Europe Gasoline Crack Widens; ICE Gasoil Declines: Oil Products
Gasoil for February delivery fell for the first time in five days on the ICE Futures Europe exchange as Brent declined.
Gasoline barges in the Amsterdam-Rotterdam-Antwerp oil hub traded from $970 to $979 a metric ton, according to a Bloomberg survey of traders and brokers monitoring the Argus bulletin board. Deals were done at $987 to $994.50 a ton yesterday, the highest since Oct. 19. BP Plc and Gunvor Group Ltd. bought 2,000 ton barges of the Eurobob grade, to which ethanol is added to make finished fuel.
Naphtha’s crack, or discount to Brent, was little changed at $6.90 a barrel, PVM data show. That was $6.91 yesterday, the most since Nov. 23.
Gasoil for February delivery fell 1.4 percent to $945.25 a ton, as of 12:35 p.m. London time. The contract was $4.50 a-ton in backwardation, or premium, to March. The market structure can signal rising demand or falling supply.
Gasoil’s crack, which is also a measure of refining profit, narrowed to $16.37 a barrel versus $16.52 a barrel at 4:30 p.m. yesterday.

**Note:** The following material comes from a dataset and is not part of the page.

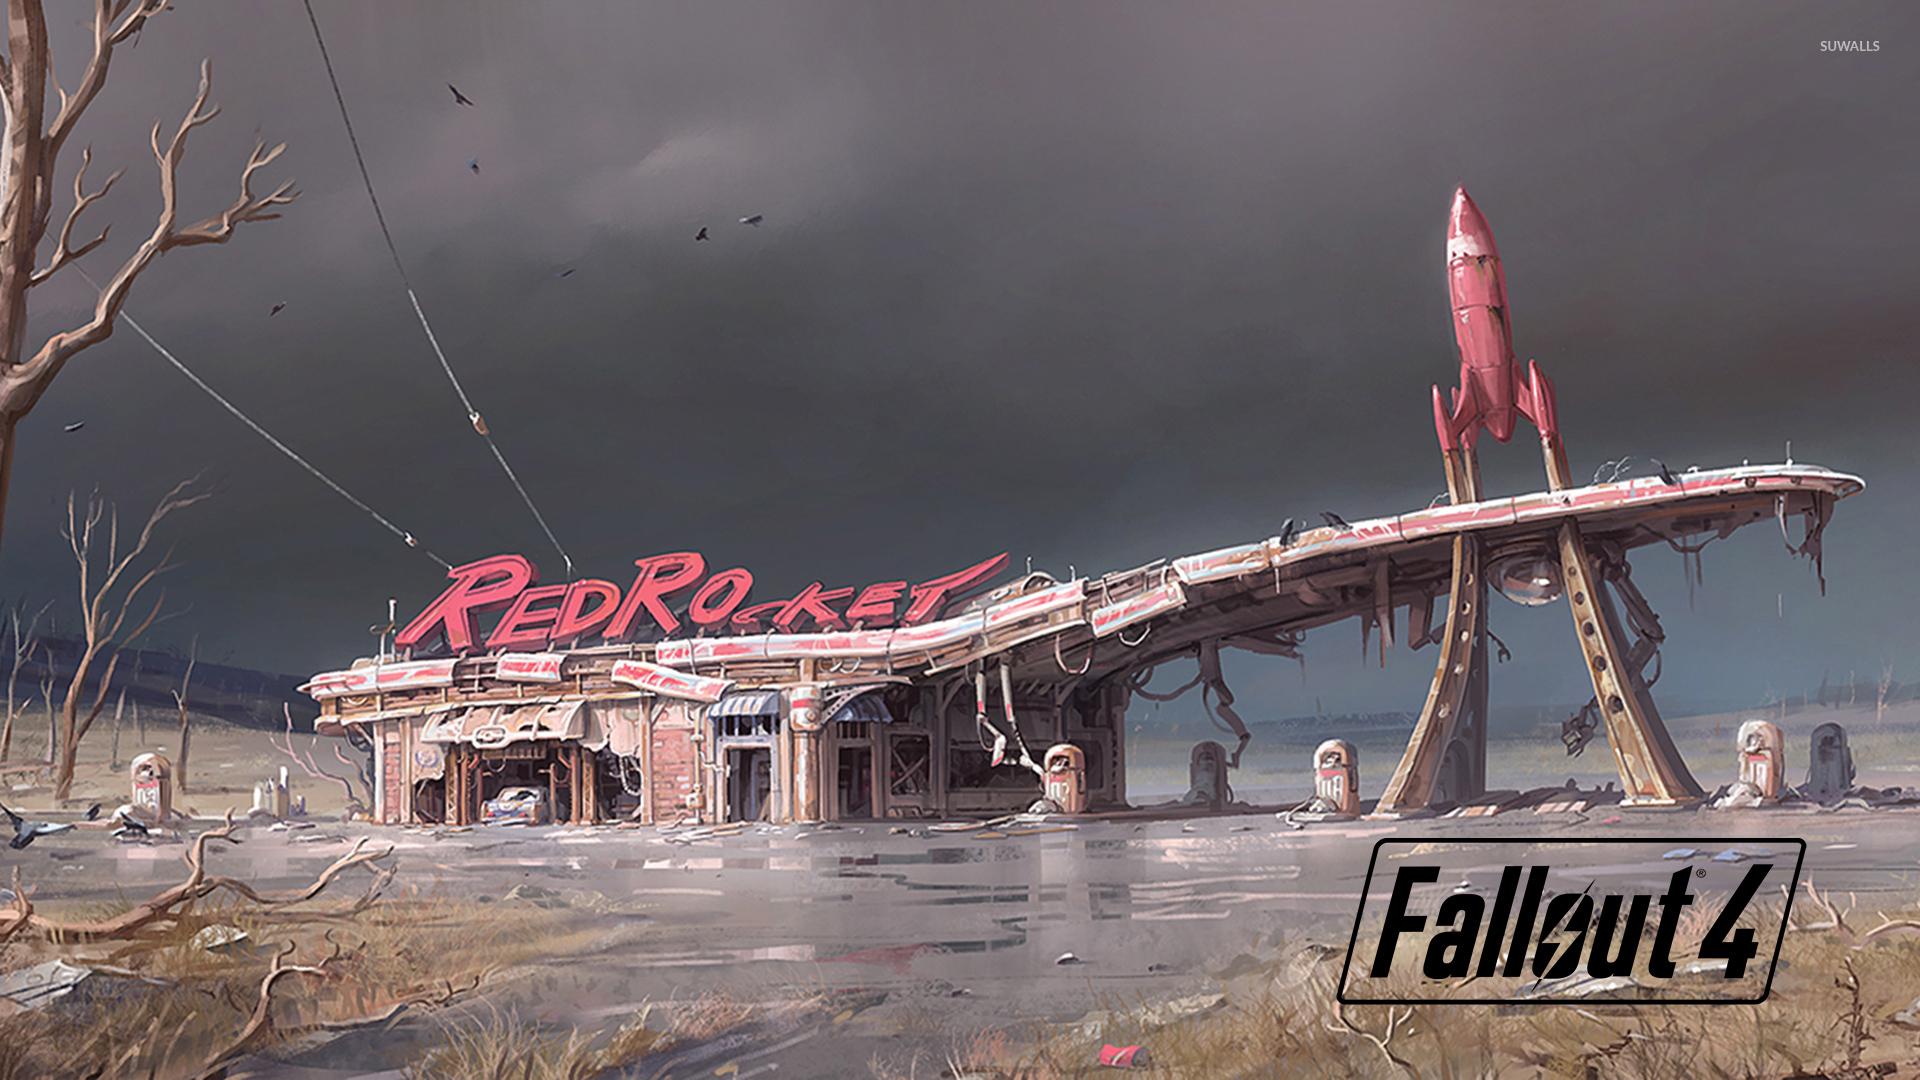 RedRocket In Fallout 4 Wallpaper

Brent lost 1.2 percent to $110.54 a barrel.
Gasoil inventories in the ARA-area are rebuilding toward the five-year average, as demand has been limited by milder- than-normal weather in the region, Harry Tchilinguirian, head of commodity-markets strategy at BNP Paribas SA in London, said in e-mailed comments today.
The fuel’s stockpiles in independent storage in ARA increased 5.1 percent to 2.13 million tons in the week to Jan. 10, PJK International BV said yesterday. That is the highest since Oct. 4 and below the five-year average, data compiled by Bloomberg show.
An upward trend in ARA fuel oil stockpiles in recent weeks, if continued, may eventually encourage shipments of the product to Asia, Tchilinguirian said.
Fuel oil inventories in independent storage increased to 923,000 tons, the most in two months, according to PJK.